ČSA Flight 475
- A ČSA Avia 14 similar to the one involved.

Accident
- Date: 11 February 1977
- Summary: Controlled flight into terrain due to pilot error
- Site: near Bratislava Airport, Bratislava, Czechoslovakia;

Aircraft
- Aircraft type: Avia 14
- Operator: ČSA
- Registration: OK-OCA
- Flight origin: Prague Ruzyně International Airport, Prague, Czechoslovakia
- Destination: Bratislava Airport, Bratislava, Czechoslovakia
- Occupants: 5
- Passengers: 2
- Crew: 3
- Fatalities: 4
- Survivors: 1

= ČSA Flight 475 =

Aircraft accident

ČSA Flight 475 was a domestic airmail service in Czechoslovakia from Prague to Bratislava. On 11 February 1977, the Avia 14 aircraft struck the ground during the Bratislava Airport approach, killing 4 of the 5 on board.

== Accident ==
The crew executed the approach to runway 22 with poor visibility.
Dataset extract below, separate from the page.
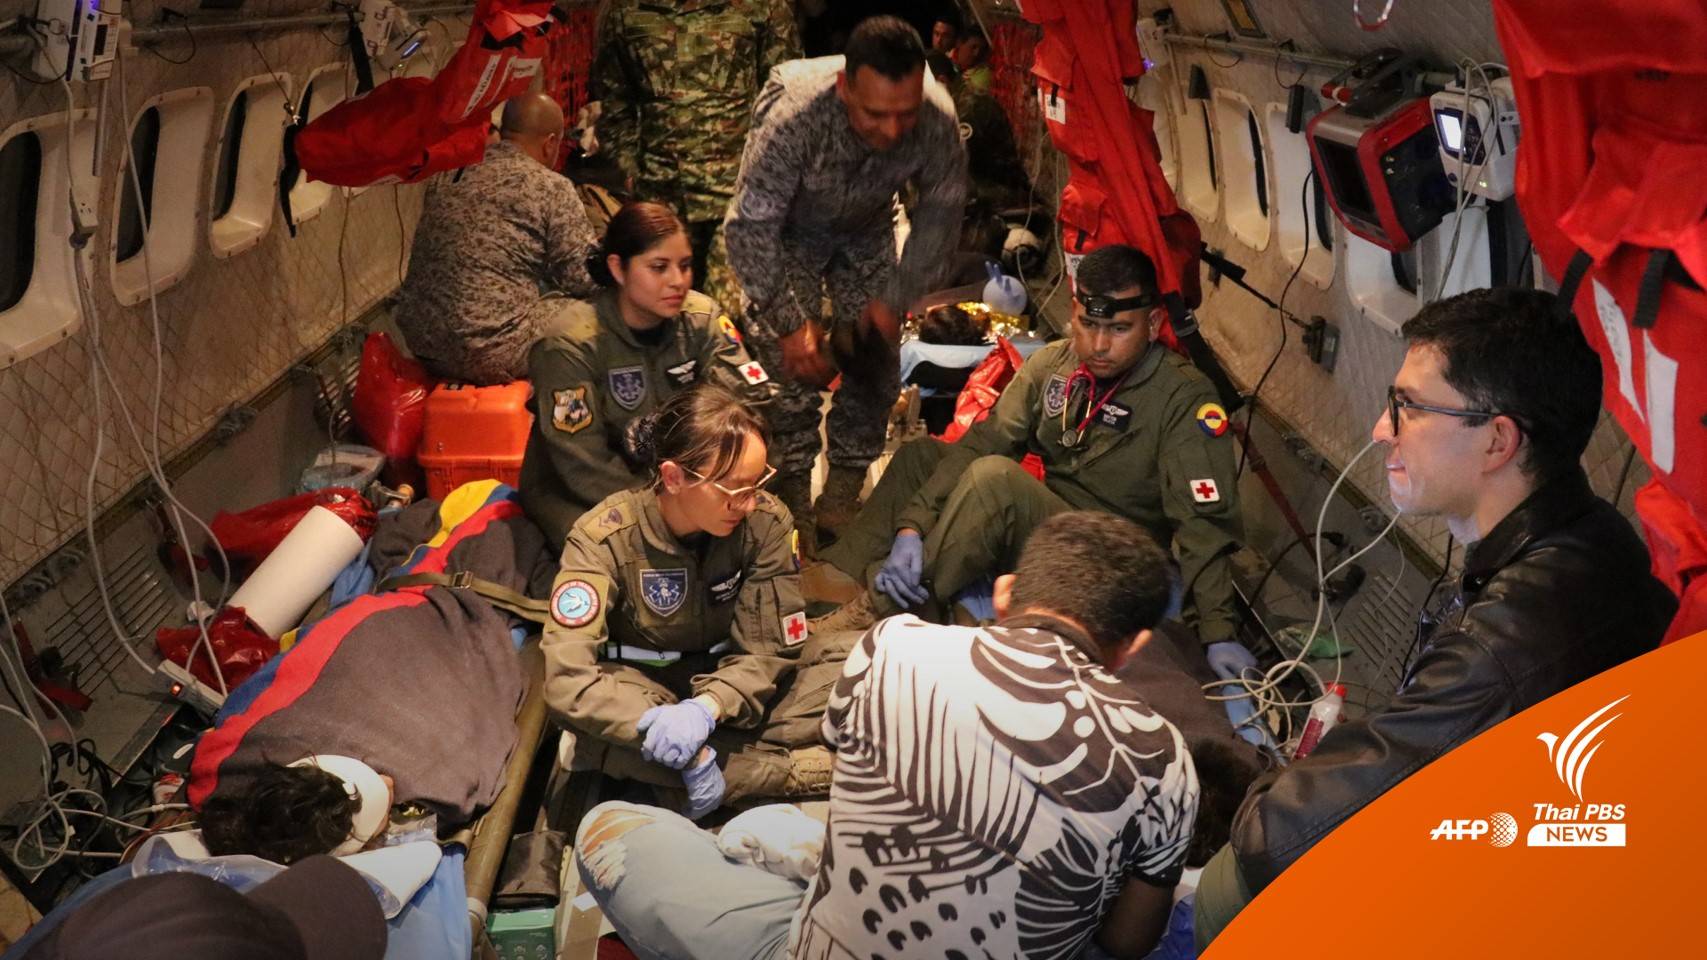 ปาฏิหาริย์ เด็ก 4 คนรอด 40 วันในป่าแอมะซอน จากเหตุเครื่องบินตก

They descended below the minimum altitude and clipped through branches before colliding with the ground, less than two kilometers from the runway. Two crew members (Miroslav Meluš and Václav Šmíd) and two employees of Pošta-Košice 2 (Tibor Nagy and Imrich Štofan) died. The aircraft's captain survived.

== Memorial ==
In 2024, a memorial was built by graphic designer Miroslav Valček, a collaborator of the Ivanka Historical Society - the same association that built a monument for ČSA Flight 001.